Transactions of the Institute of Measurement and Control
- Discipline: Metrology
- Language: English
- Edited by: Frank L. Lewis, John O'Gray, Steve Thompson, Mehmed Önder Efe

Publication details
- History: 1979-present
- Publisher: SAGE Publications
- Frequency: 8/year
- Impact factor: 1.579 (2017)

Standard abbreviations
- ISO 4: Trans. Inst. Meas. Control

Indexing
- CODEN: TICODG
- ISSN: 0142-3312 (print) 1477-0369 (web)
- LCCN: 80649352
- OCLC no.: 47094421

Links
- Journal homepage; Online access; Online archive;

= Transactions of the Institute of Measurement and Control =

Transactions of the Institute of Measurement and Control is a peer-reviewed academic journal that covers the field of measurement and control systems. The editors-in-chief are Frank L. Lewis (University of Texas at Arlington), John O'Gray, Steve Thompson, and Mehmet Önder Efe (Hacettepe University). It was established in 1979 and is published by SAGE Publications on behalf of the Institute of Measurement and Control.

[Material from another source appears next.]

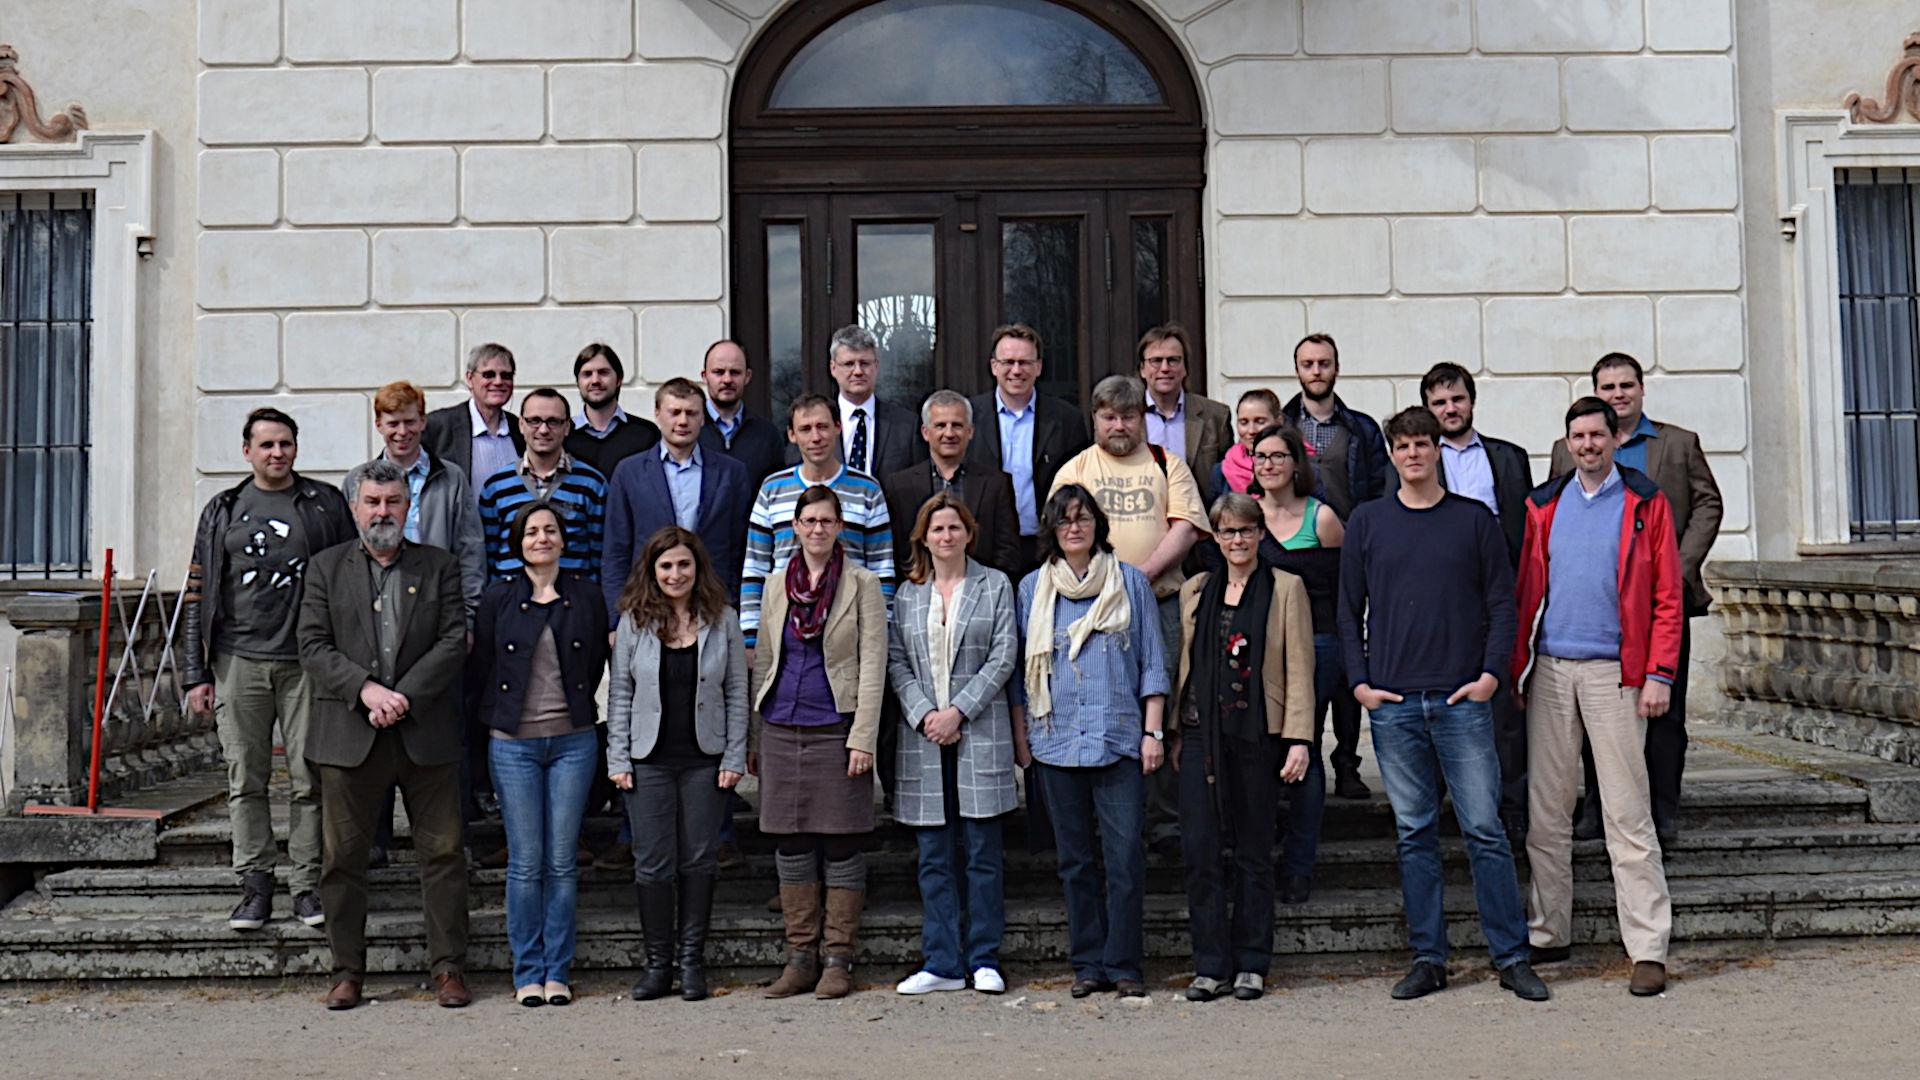 Gruppenbild der Teilnehmer am ECFN/Nomisma.org-Meeting in Nieborów

== Abstracting and indexing ==
The journal is abstracted and indexed in Scopus and the Science Citation Index Expanded. According to the Journal Citation Reports, its 2017 impact factor is 1.579, ranking it 36th out of 61 journals in the category "Automation & Control Systems" and 32nd out of 61 journals in the category "Instruments & Instrumentation".